If no agreement is reached on setting up a European Works Council, then fallback rules apply. These are known as the “Subsidiary Requirements”. They impose an obligation on the company to establish a European Works Council consisting of employee representatives from all member states in which it has employees, and to inform and consult them at least once a year in a meeting with senior management. Additional meetings must be held during the year if there are significant transnational issues on which the EWC must be consulted.
Many European Works Councils are entitled to use expert advisers to help them carry out their role, paid for by the company. They also have a legal right to “the means required to apply the rights arising from” the directive.
Each member state has adopted its own laws implementing the directive in their country, and a European Works Council will be established under the law of one of the member states.
European Works Councils in the UK
The UK legislation implementing the EWC directive is known as the Transnational Information & Consultation of Employees Regulations 1999, or the TICE Regs for short. The Regulations were updated in 2010 to take on board the changes made by the “recast” directive.
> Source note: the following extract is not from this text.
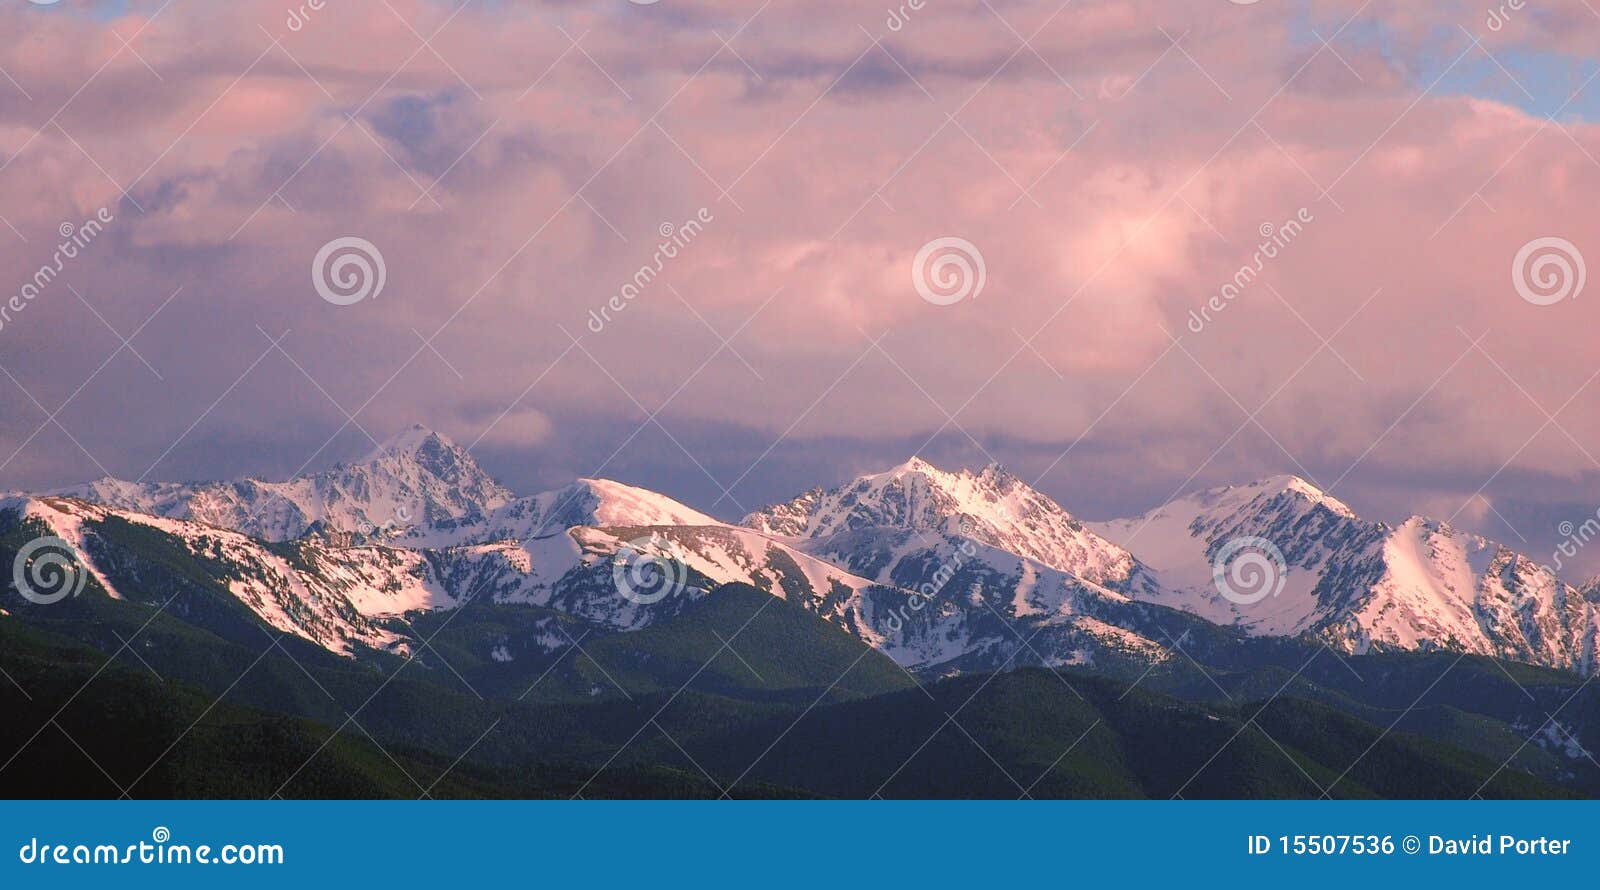 montana mountain peaks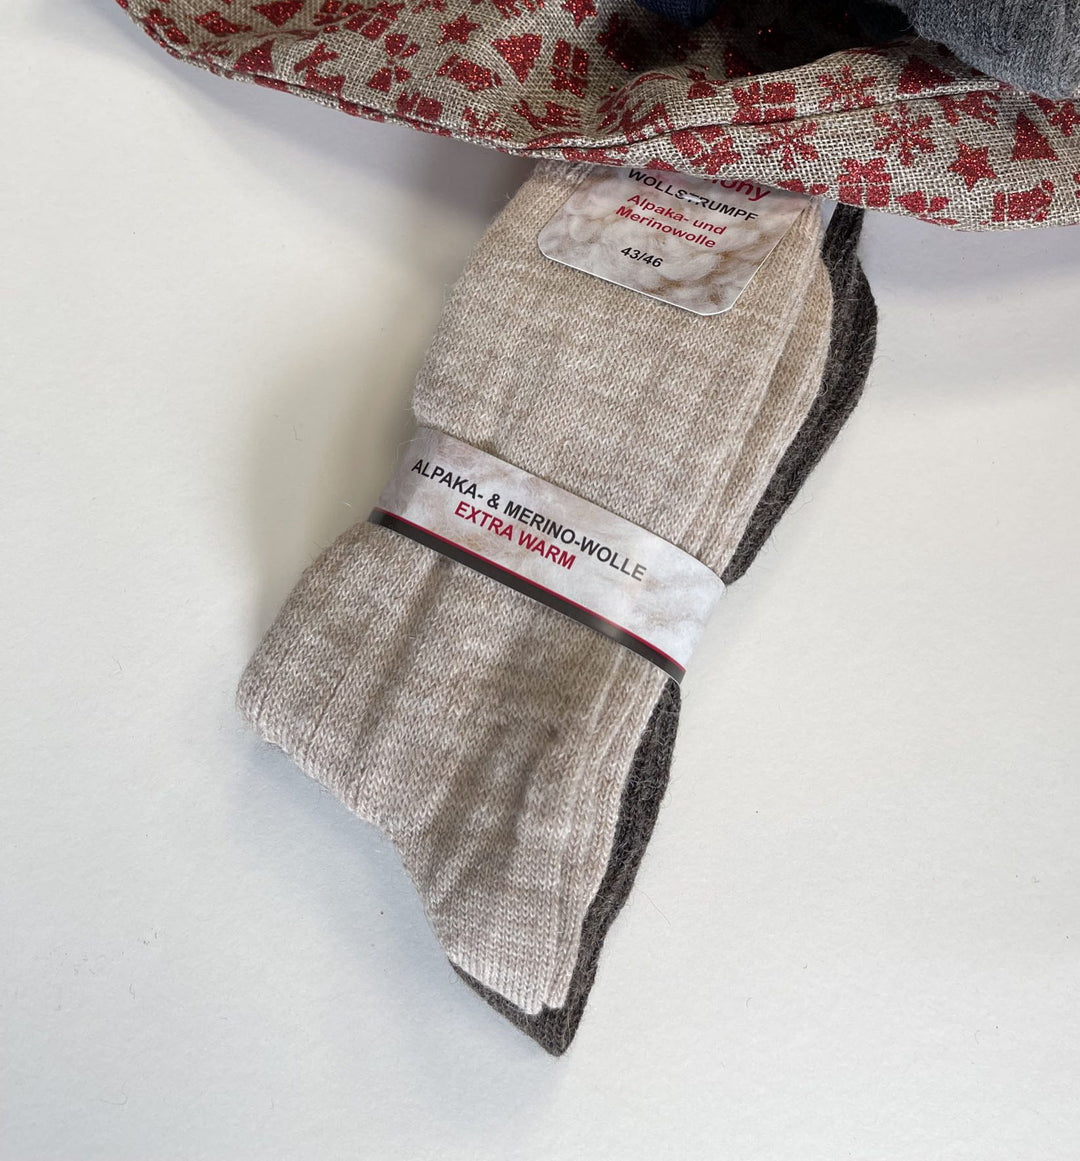 Socken aus Alpaka und Merino - hellbeige und braun - 2 Paar

The Regulations provide for legal enforcement via the Central Arbitration Committee or CAC. Most EWC agreements made under the Regulations are enforceable at the CAC. If a company is subject to the “Subsidiary Requirements” (ie there is no agreement establishing an EWC), these are enforceable against it at the CAC. Other provisions in the Regulations are also enforceable against the company, including rules on how it informs and consults the EWC. This means that if a company does not set up a European Works Council when requested, or if it does not inform and consult its European Works Council in the way required by its EWC agreement and by the Regulations, a complaint can be made to the CAC.
The Central Arbitration Committee will rule on whether the company has breached its EWC agreement or any of the other requirements in the TICE Regulations. If it upholds a complaint, it can order the company to comply with its agreement or with the Regulations. In addition, a fine can be imposed on the company.
European Works Councils in Ireland
The Irish legislation implementing the EWC directive is known as the Transnational Information & Consultation of Employees Act 1996 or the TICE Act for short. The Act was updated in 2011 to take on board the changes made by the “recast” directive.
Any dispute over the interpretation or operation of most EWC agreements made under the Irish law can be referred by either management or employees’ representatives to an independent arbitrator, appointed on terms agreed between the parties. If they cannot agree on who should be appointed, or the terms of appointment, either party may apply to the Labour Court, which will refer the dispute to an arbitrator of its choice.
Where a company is subject to the “Subsidiary Requirements” of the Irish law (ie there is no agreement establishing an EWC), non-compliance with the Subsidiary Requirements – for example failure to set up an EWC or failure to consult it as required – is an offence punishable by a fine. A complaint can be made to the Workplace Relations Commission.